柴崎は攻撃面だけでなく「危機を素早く察知した守備も見事」

■安部裕葵(鹿島/→後半22分OUT)=★★★

 守備時には2トップのような形で、岡崎と連動しながら相手のセンターバックにプレスをかけにいった。ヒメネスとゴディンはビルドアップ時に横幅を取るから、守備側の追い方はけっこう難しいが、岡崎と絶妙な距離感を保ちながらプレスをかけるやり方がかなり効果的だった。その反面、攻撃においてはもっとできるという印象。前半10分に岡崎のヘディングシュートに結びつけたクロスなど、良いシーンもあったがその数は決して多くなかった。本人も後半22分に交代となり、もっとやりたかったとの思いはあっただろうが、鹿島でACLやクラブワールドカップで見せてきたプレーを考えれば、物足りなさが残るパフォーマンスだった。

■三好康児(横浜FM/→後半38分OUT)=★★★★★

 本気のウルグアイを相手にした一戦で2ゴールという結果は、文句なしの“5つ星”だ。

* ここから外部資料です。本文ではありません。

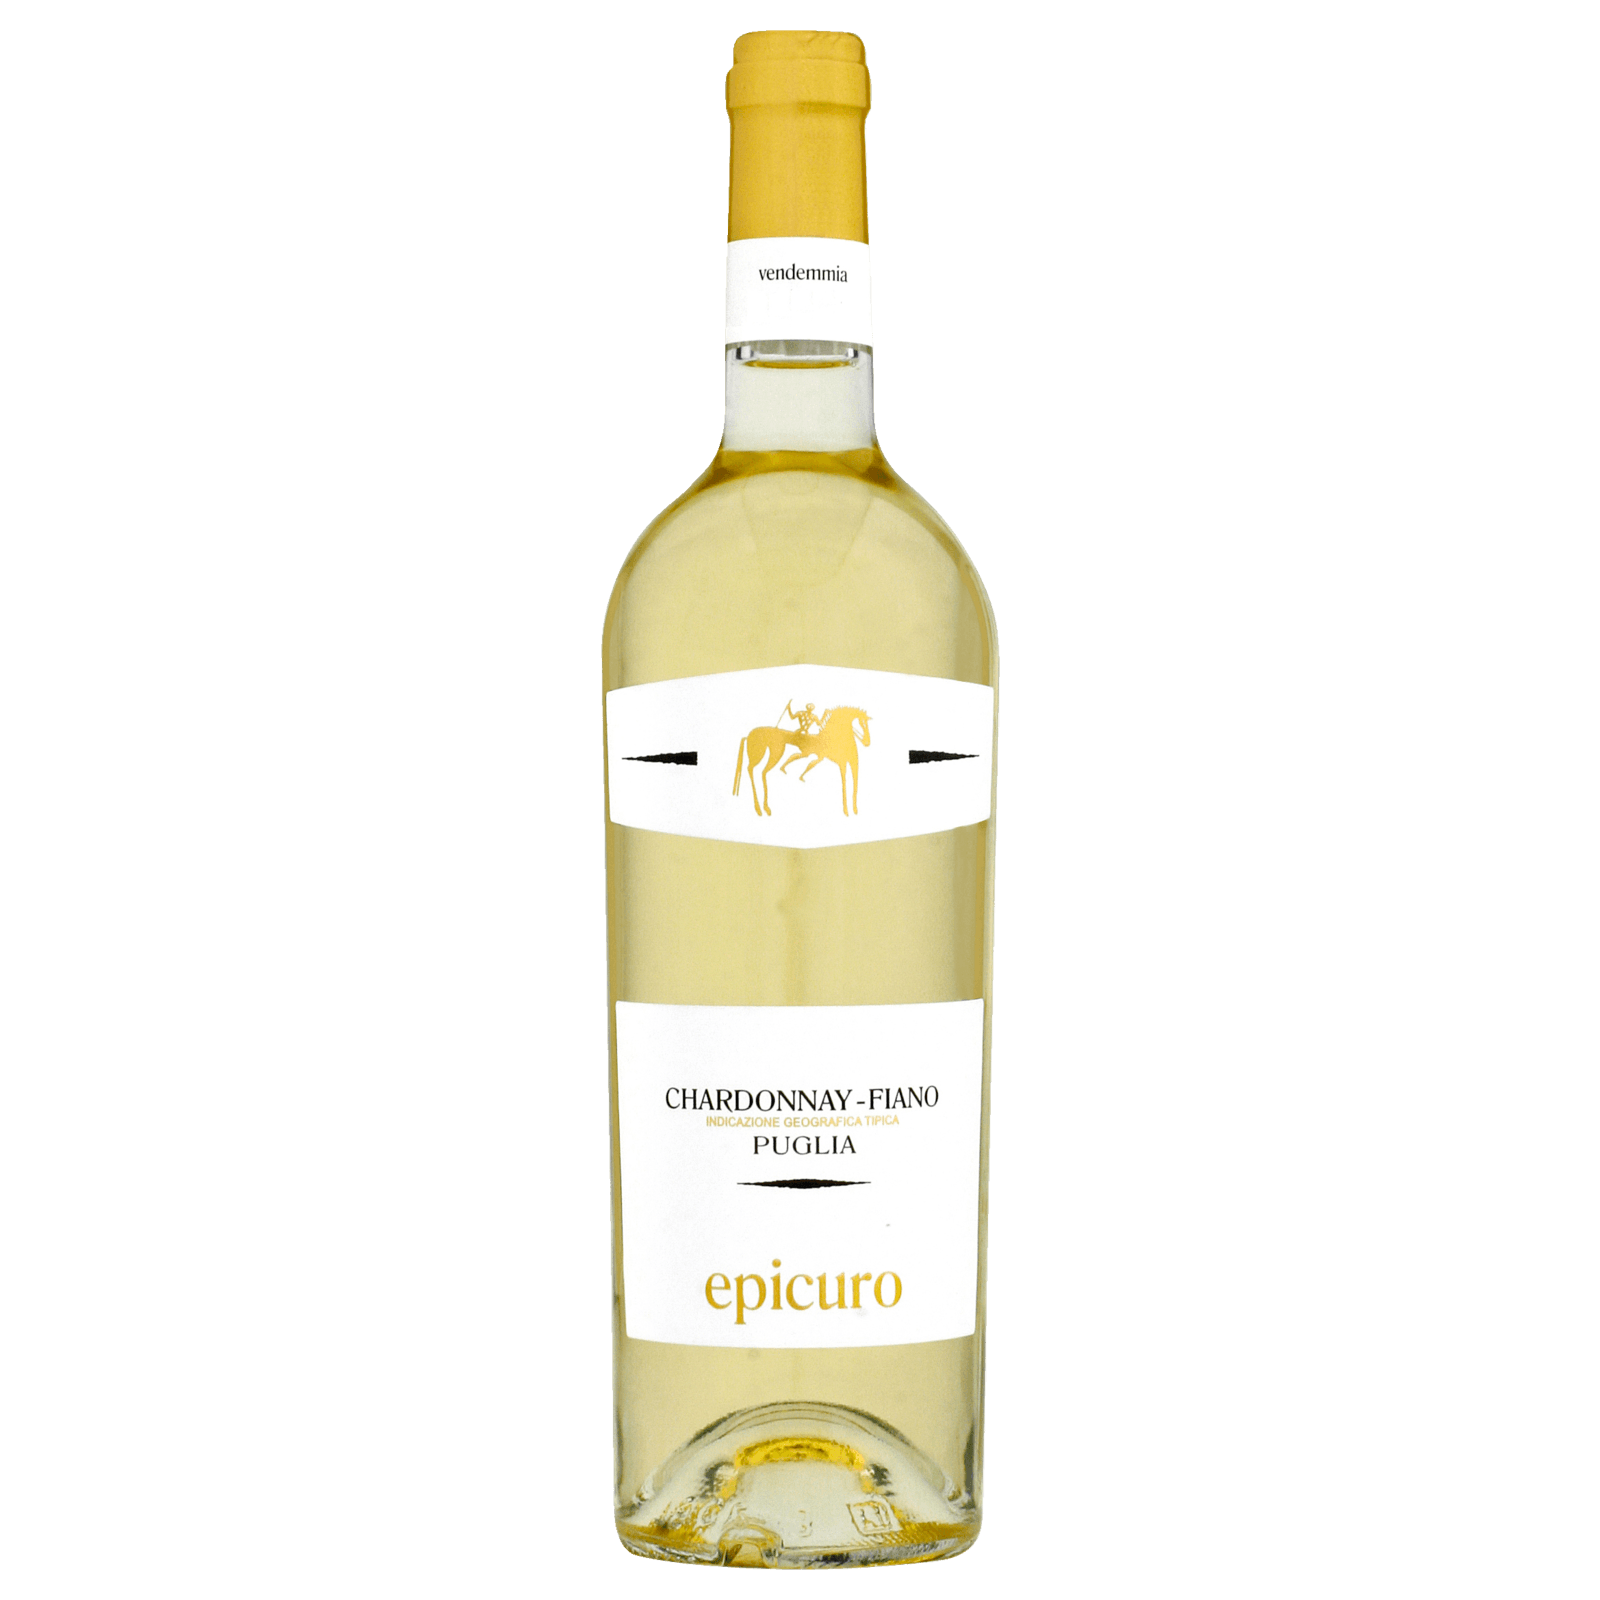 IGP 0,75l online bei Chardonnay Puglia Epicuro REWE Weißwein trocken bestellen!

4-2-3-1の右サイドハーフに入り、左利きの選手がそのポジションを務める良さを存分に発揮してくれた。立ち上がりから積極的に仕掛けると、中に切り込んでからミドルシュートを狙って相手に意識させると、前半25分には縦に切り返して突破するスピードを見せて、見事な先制ゴールを逆足の“右”で決めた。対峙した相手DFラクサールが足を痛めていたとはいえ、柴崎のパスを受けてからのボールの運び方は素晴らしかった。2点目も左サイドから崩す流れのなかで、こぼれ球に対する嗅覚を見せ、日本が再度リードを奪う展開を作った。

■柴崎 岳(ヘタフェ)=★★★★

 チームが勝ち切れなかったため“4つ星評価”としたが、限りなく“5つ星”に近いパフォーマンスだった。1点目の三好へのサイドチェンジパスは、高さも強さも「最高級」のパス。それも自陣左サイドでスローインをもらい、相手に囲まれた状況で振り向いた瞬間に逆サイドの三好を見ているというのは、柴崎だからこそ見える景色だろう。1試合を通して見ても、前線の岡崎や安部に効果的な縦パスを入れた回数はチリ戦よりも多く、柴崎がゲームを動かしていた。また攻撃から守備に切り替わった際の、相手のカウンターに対する守備も機能。南米のチームで最も怖いのは、自分たちが攻めている時の横パスのミスや、キープできずに取られて一発のパスを出された時だが、その危険を察知して素早く相手に寄せてパスコースを消しに行くなど、守備面でも柴崎の貢献度は高かった。そのあたりの感性、ポジション取りはスペインで揉まれて磨かれたのだろう。

■板倉 滉(フローニンゲン)=★★★★

 カバーニが前線から下がってくるなど相手がポジションを変えてくるなかで、中盤の底で運動量は多かった。チリ戦では中島の背後のスペースを相手に狙われたが、この試合では板倉が左サイドに流れてピンチの芽を潰していたシーンが多かった。高さもあり、足もとの技術もあるためプレーエリアはもともと広い。この試合ではパスミスもあり、攻撃面に課題を残したものの、次につながるプレーを見せたのは確かだ。

金田喜稔

かねだ・のぶとし/1958年生まれ、広島県出身。現役時代は天才ドリブラーとして知られ、中央大学在籍時の77年6月の韓国戦で日本代表にデビューし初ゴールも記録。「19歳119日」で決めたこのゴールは、今も国際Aマッチでの歴代最年少得点として破られていない。日産自動車(現・横浜FM)の黄金期を支え、91年に現役を引退。Jリーグ開幕以降は解説者として活躍。玄人好みの技術論に定評がある。